Even the most recent advances in Systems Biology and Integrative Physiology (Joyner, 2011) continue to focus on the “vertical integration” from sub-cellular and cellular level to tissues and single organs, and on the the signaling and feedback mechanisms across space and time scales that facilitate this “vertical integration” (Fig A). Surprisingly, there is a clear absence of knowledge and research effort in the direction of “horizontal integration” of organ interactions (Fig B). This horizontal integration is essential to produce health, and understanding the underlying mechanisms is crucial to fill in the gap between Systems Biology/Integrative Physiology and Epidemiology. A major focus of our research is this new direction of horizontal integration, Network Physiology (NatureCommunications-2012).
Identifying and quantifying organ interactions is a major challenge due to several levels of complexity inherent to the dynamics of organ systems.
Level 1: Individual systems: each organ is a multi-component system with its own regulatory mechanisms, leading to complex emerging behavior characterized by noisy, intermittent, scale-invariant and nonlinear output signals; organ systems have different types of output dynamics oscillatory, stochastic, or even mixed; systems operate on different time scales from msec to hours.

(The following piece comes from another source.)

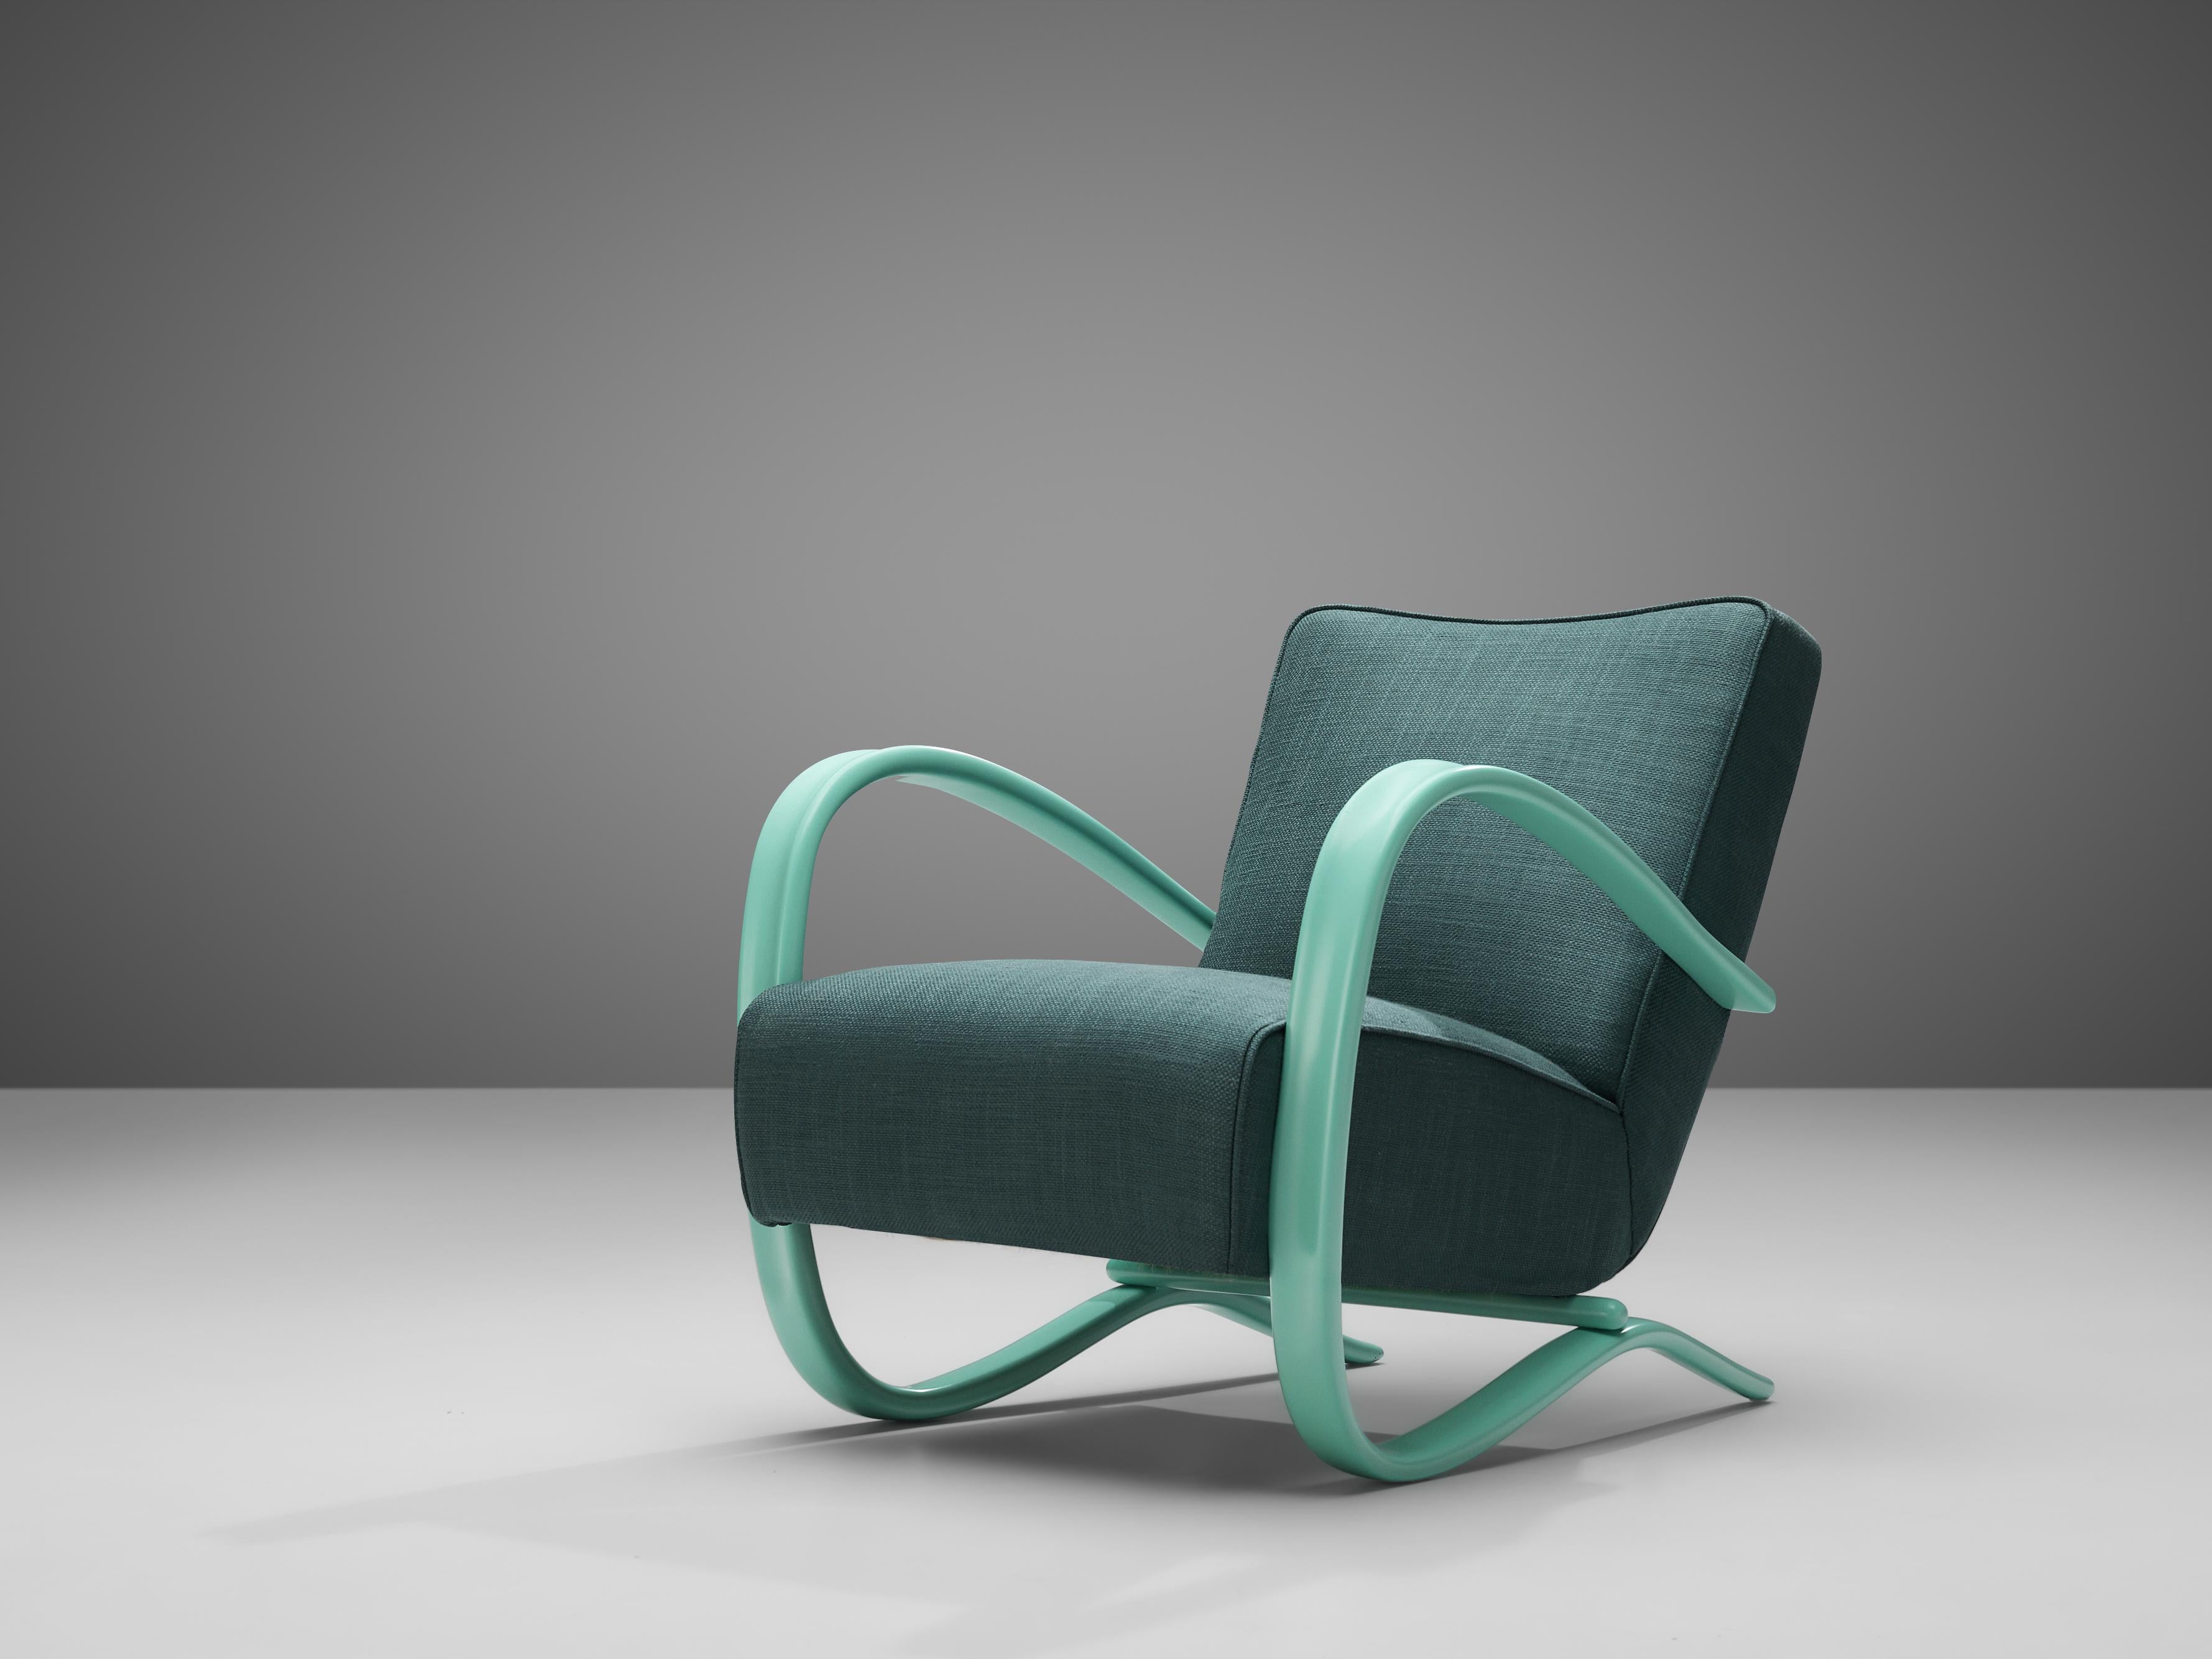 Jindrich Halabala, personalisierbarer Sessel, Holz, Stoff, Tschechische Republik, 1930er Jahre

Außergewöhnlicher Sessel mit grüner Stoffbespannung. Dieser Stuhl hat ein sehr dynamisches und üppiges Aussehen. Wunderschön geschwungene Armlehnen in

Level 2: Pair-wise coupling: coupling links between systems are non-linear and vary in time; moreover, as we have recently discovered, certain pairs of organ systems communicate through several forms of coupling that switch on/off and can simultaneously coexist.
Level 3: Networked interactions: global network dynamics of the entire organism are not simply the sum of the behaviors of individual systems; minor changes in the relative strength of local interactions can strongly influence emergent behaviors at the organism level, even when the topology of network interactions among these systems remains unchanged.
We have introduced innovative approaches to analyze physiologic data by adapting concepts from modern statistical physics, nonlinear dynamics and applied mathematics. We particularly tailored these approaches to extract hidden information embedded in complex non-stationary, noisy and nonlinear signals. We have successfully applied these methods to individual physiological systems, including cardiac, respiratory, locomotion, brain, considering sleep-stage transitions and circadian rhythms. These data-driven approaches enabled us to discover basic laws of physiologic regulation we published in a series of papers, including Nature-1996, PRL-1998, Nature-1999, PRL-2001, Nature-2002, PNAS-2004, PNAS-2007, PNAS-2009, PNAS-2012. Our team has also pioneered methods to investigate pair-wise coupling between physiological systems including: (i) cross-correlation of instantaneous phase increments method — we uncovered new aspects of cerebral autoregulation and its breakdown with stroke (PRL-2004, PRE-2006); (ii) cross-correlation method based on local and global detrending —to probe coupling between nonstationary stochastic signals with trends (EPJB-2009); (iii) an automated phase synchronization technique—instrumental to uncover a range of patterns of synchronous behavior between the cardiac and respiratory systems, with dramatic phase transitions across sleep stages (PNAS-2012). This experience uniquely positions us to develop new data science methodologies adequate to probe the dynamics and coupling between multiple physiological systems.